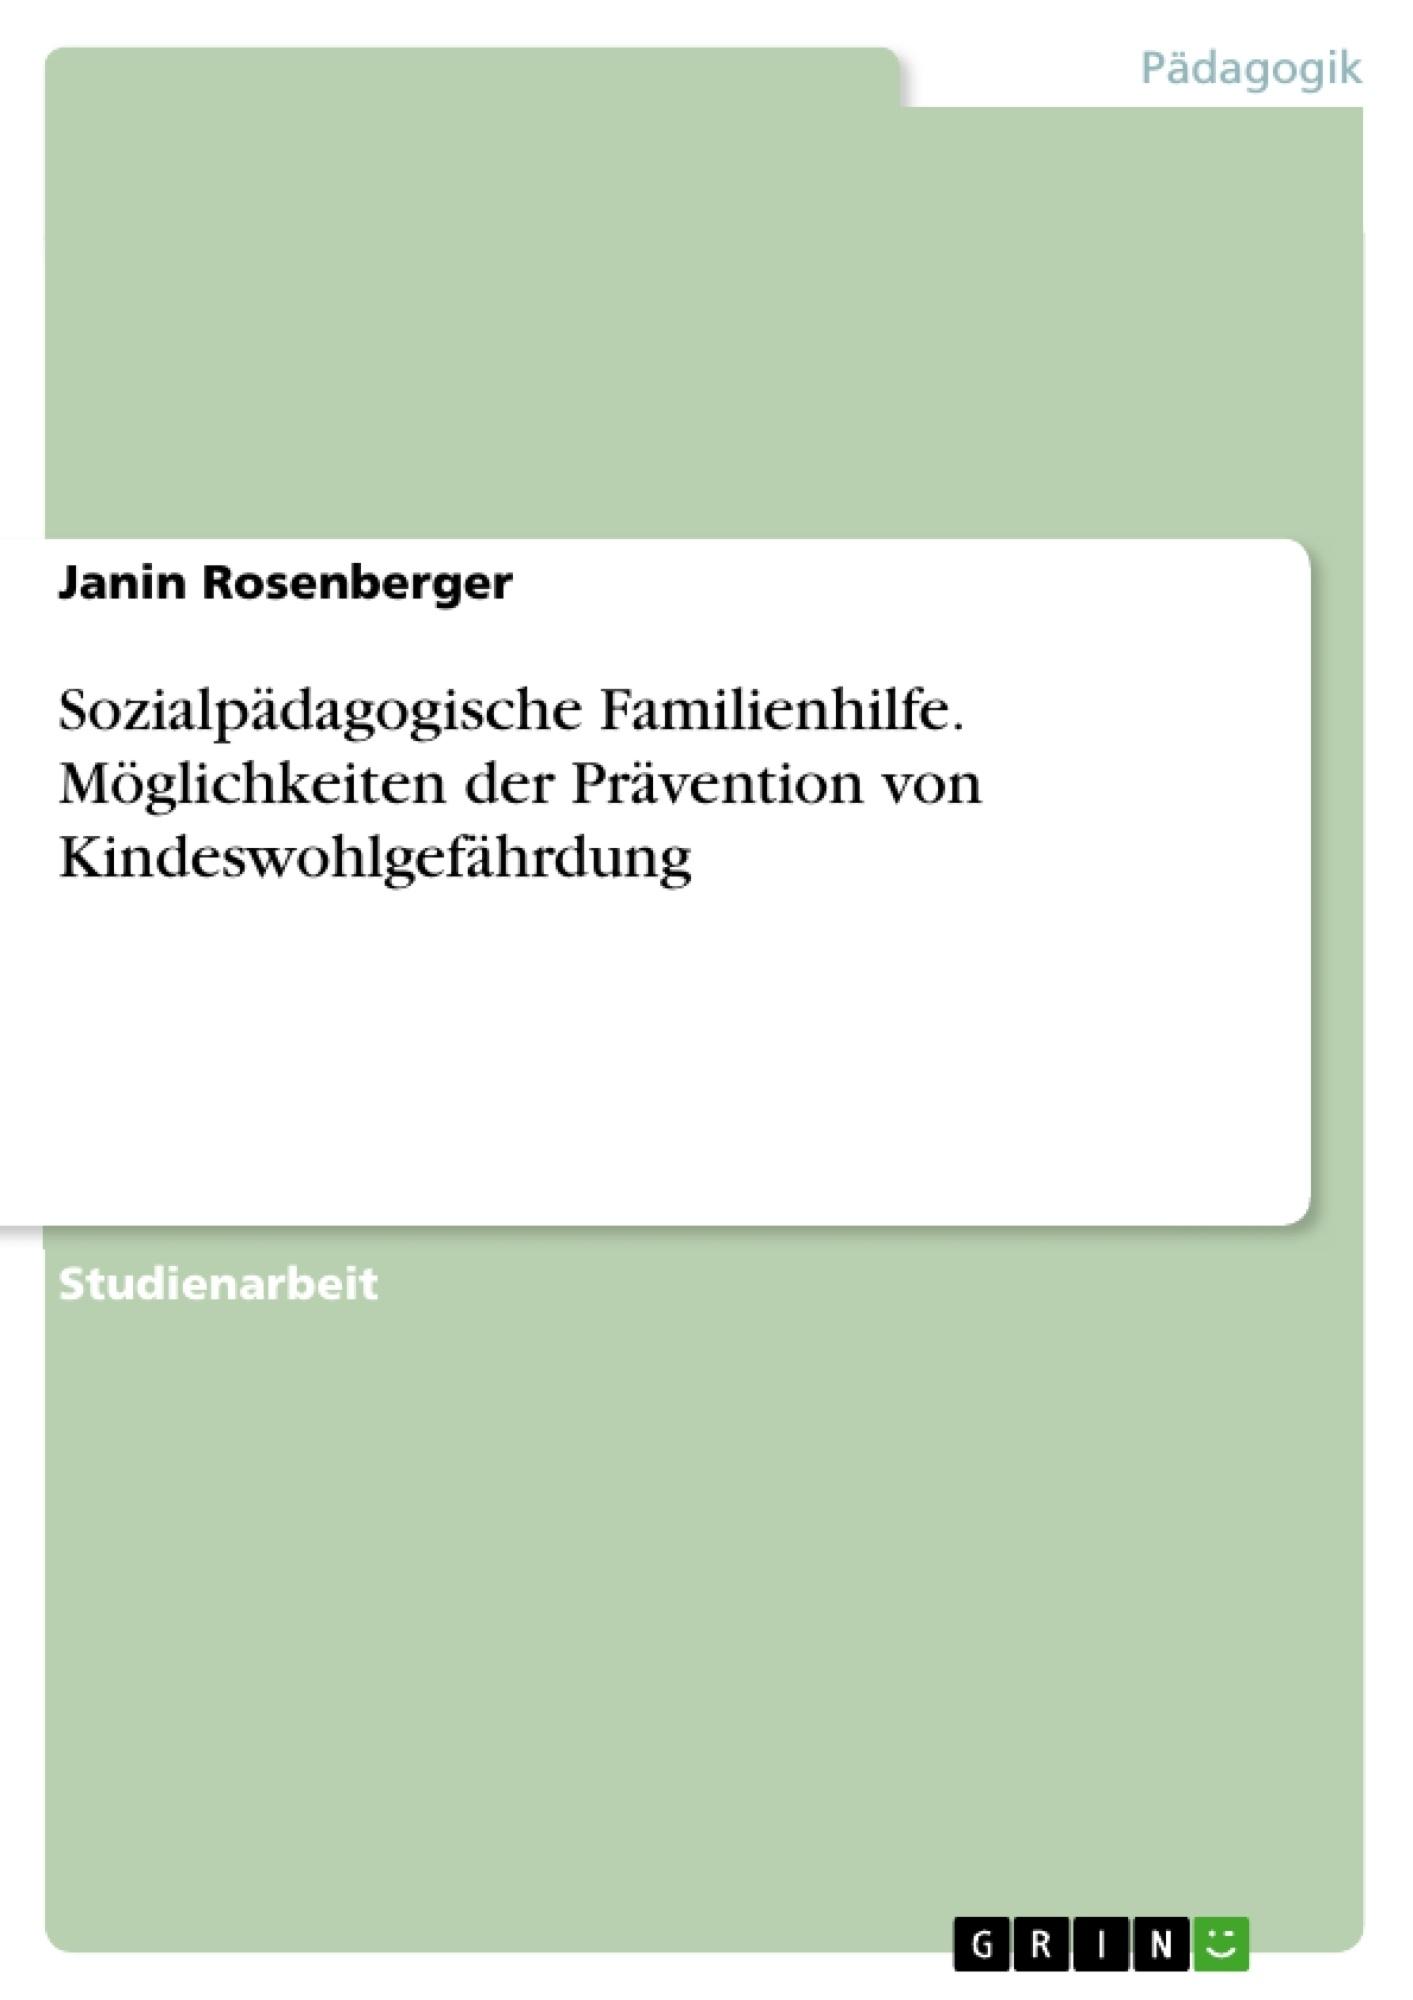 Titel: Sozialpädagogische Familienhilfe. Möglichkeiten der Prävention von Kindeswohlgefährdung
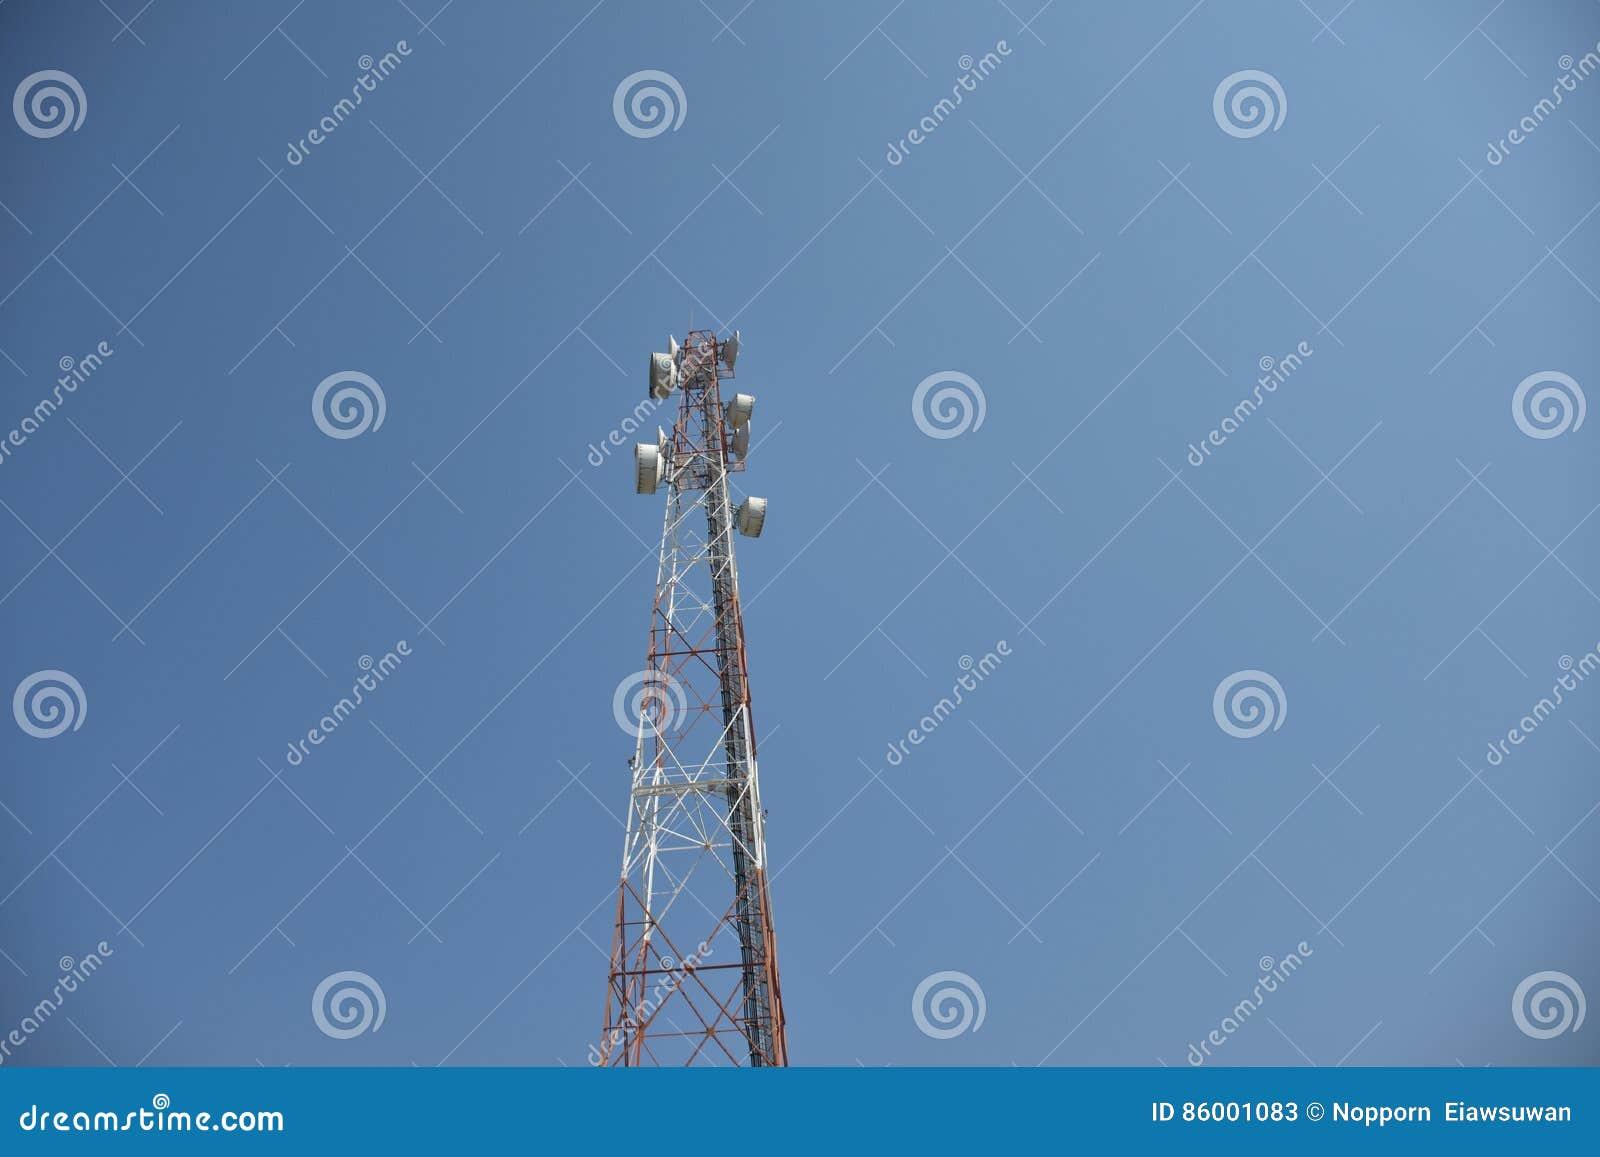 Mobilfunkanlage für Telekommunikation
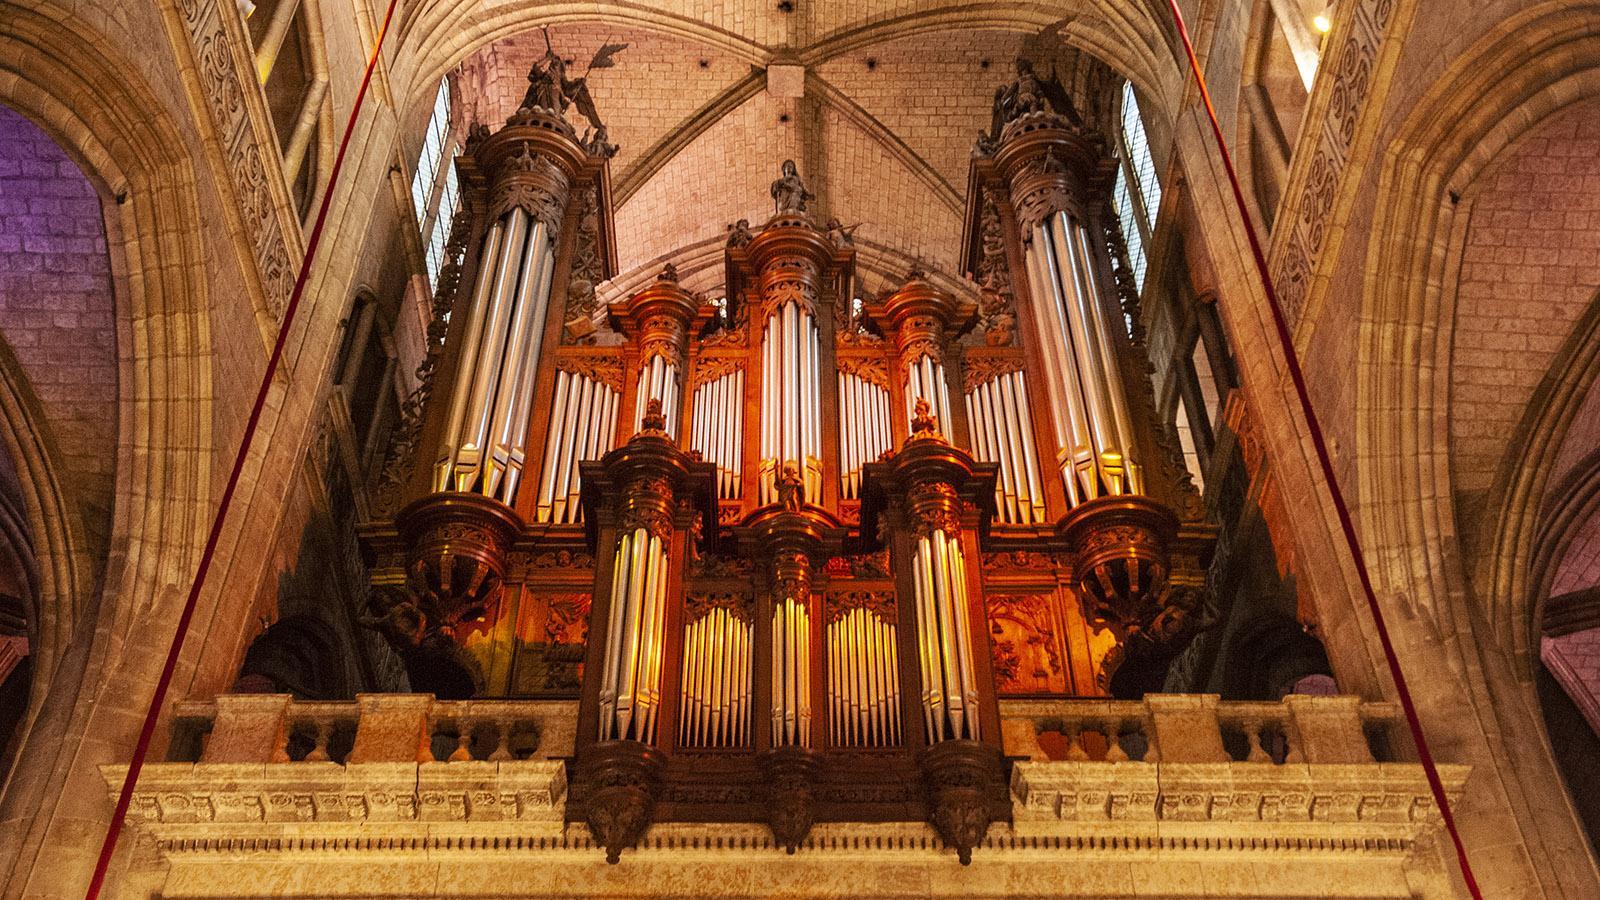 Beeindruckend: die Orgel der Kathedrale. Foto: Hilke Maunder

______________________________

Reproduce the data word for word without its images.

● **OUTPUT FOR THIS EXERCISE**
 Titel: Sozialpädagogische Familienhilfe. Möglichkeiten der Prävention von Kindeswohlgefährdung
 Mobilfunkanlage für Telekommunikation
 Beeindruckend: die Orgel der Kathedrale. Foto: Hilke Maunder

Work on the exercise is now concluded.